If you aren’t familiar with Powershell, it’s the next-generation (current-generation, really) command-line shell and scripting framework for automating Windows tasks and IT workflows.  Powershell has shipped in-the-box as a default Windows component since Windows 7, and has since attracted a large following of scripters, administrators, and developers.  Powershell v3 is built into Windows 8 and Windows Server 2012.

The primary type of utility in Powershell is not an executable, but a cmdlet.  Powershell is built entirely on .NET, and every scriptable entity is a full-fledged .NET object.  Users have full access to types, properties, methods, events, etc, all from script.  Cmdlets, too, are implemented as .NET classes, inheriting from System.Management.Automation.Cmdlet (or PSCmdlet).

Following standard Powershell naming conventions, we will call our cmdlet “Search-File.”  Cmdlet parameters are implemented as public properties on the cmdlet class and tagged with the [<Parameter>] attribute.  Our cmdlet class thus looks like this (taking advantage of the new F# 3.0 syntax for auto-properties):

 namespace FSUtils

open System.Management.Automation
open System.Text
open System.Text.RegularExpressions

/// Grep-like cmdlet Search-File
[<Cmdlet("Search", "File")>]
type SearchFileCmdlet() =
    inherit PSCmdlet()

    /// Regex pattern used in the search.
    [<Parameter(Mandatory = true, Position = 0)>]
    [<ValidateNotNullOrEmpty>]
    member val Pattern : string = null with get, set
    
    /// Array of filename wildcards.
    [<Parameter(Position = 1)>]
    [<ValidateNotNull>]
    member val Include = [|"*"|] with get,set
    
    /// Whether or not to recurse from the current directory.
    [<Parameter>]
    member val Recurse : SwitchParameter = SwitchParameter(false) with get, set

    /// Endcoding to use when reading the files.
    [<Parameter>]
    member val Encoding = Encoding.ASCII with get, set
    
    /// Toggle for case-sensitive search.
    [<Parameter>]
    member val CaseSensitive : SwitchParameter = SwitchParameter(false) with get, set

    /// Do not use regex, just do a verbatim string search.
    [<Parameter>]
    member val SimpleMatch : SwitchParameter = SwitchParameter(false) with get, set
    
    /// Called once per object coming from the pipeline.
    override this.ProcessRecord() =
        // check if simple match is possible, even if not specified explicitly
        let simple = this.SimpleMatch.IsPresent ||
                     (fun s -> s = Regex.Escape(s)) (Regex.Replace(this.Pattern, "\s", ""))
                     
        let searcher = FileSearcher(this.Pattern,
                                    this.SessionState.Path.CurrentFileSystemLocation.Path,
                                    this.Include,
                                    this.Recurse.IsPresent,
                                    this.CaseSensitive.IsPresent,
                                    simple,
                                    this.Encoding)
        searcher.Search()
        |> Seq.iter(fun item -> this.WriteObject(item))

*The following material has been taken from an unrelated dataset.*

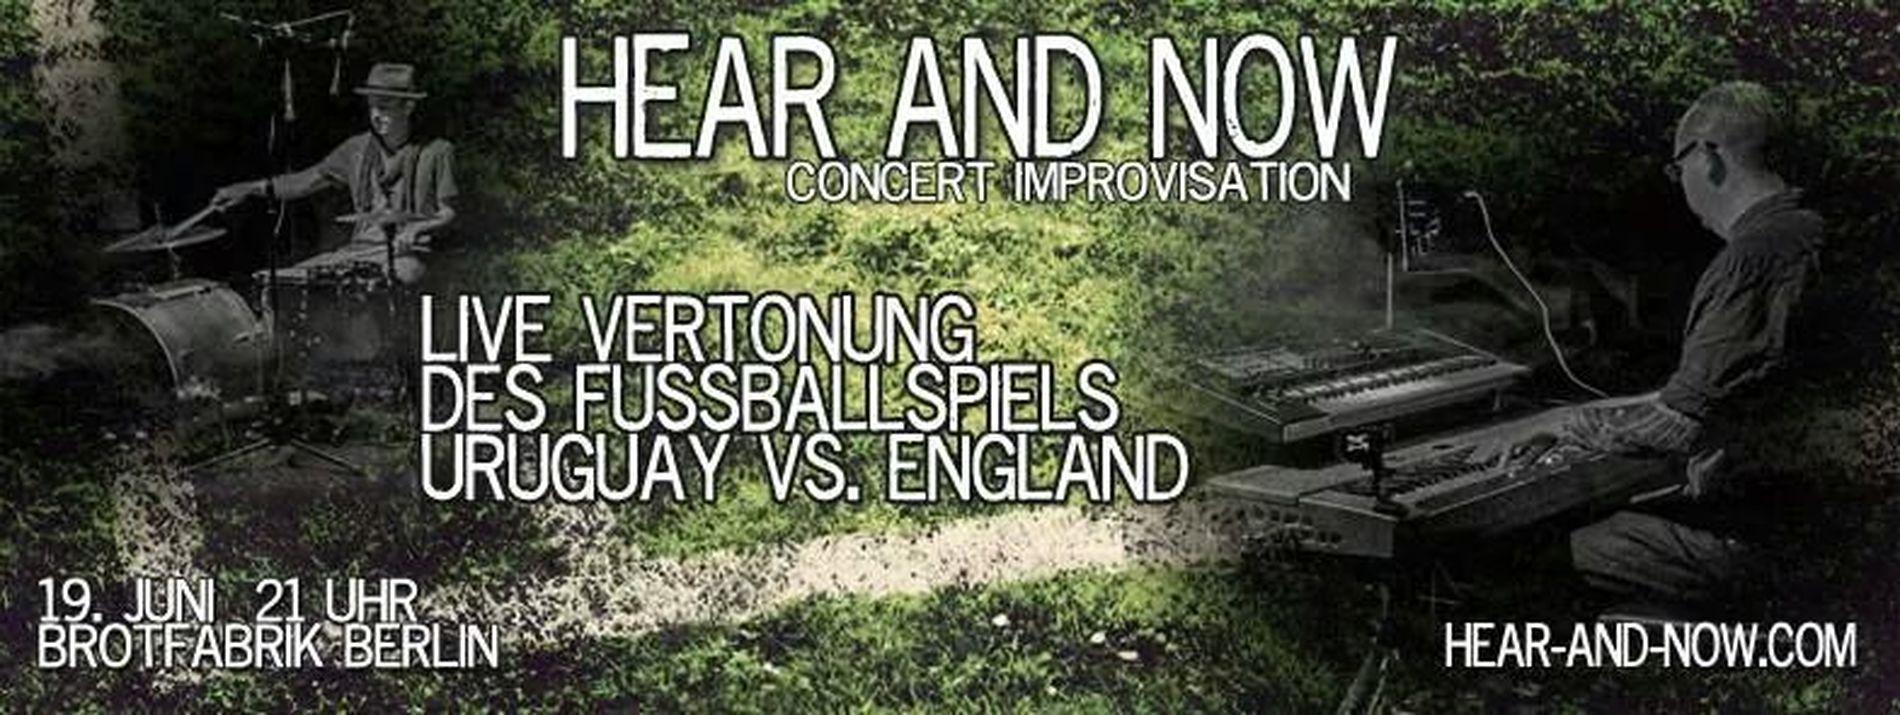 Tonight 9pm @Brotfabrik Berlin. Live Improv Soundtrack Uruguay vs England Concert Berlin Wm2014

Although this tool will be invoked from the command line, we don’t need to do any argument parsing ourselves.  All argument processing will be handled by the Powershell runtime.  When ProcessRecord is called, we can assume all applicable [<Parameter>] properties have been set according to user input.

The cmdlet class is just a simple Powershell interop wrapper around the real workhorse, the FileSearcher class, which we can write in somewhat more idiomatic F# code.  For the objects which are actually returned by the cmdlet, we define the LineMatch class, which exposes all of the properties we are interested in.

To meet our performance goals, we parallelize the entire workflow with F# async and Tasks.  The enumeration of files will be done in an async block, and each discovered file will then be processed in its own dedicated Task.  As matching lines of text are found, LineMatch objects are constructed and dumped into a BlockingCollection, which handles synchronization for us.  The elements of the BlockingCollection are meanwhile streamed back to the user on the calling thread, so results appear as fast as they are found.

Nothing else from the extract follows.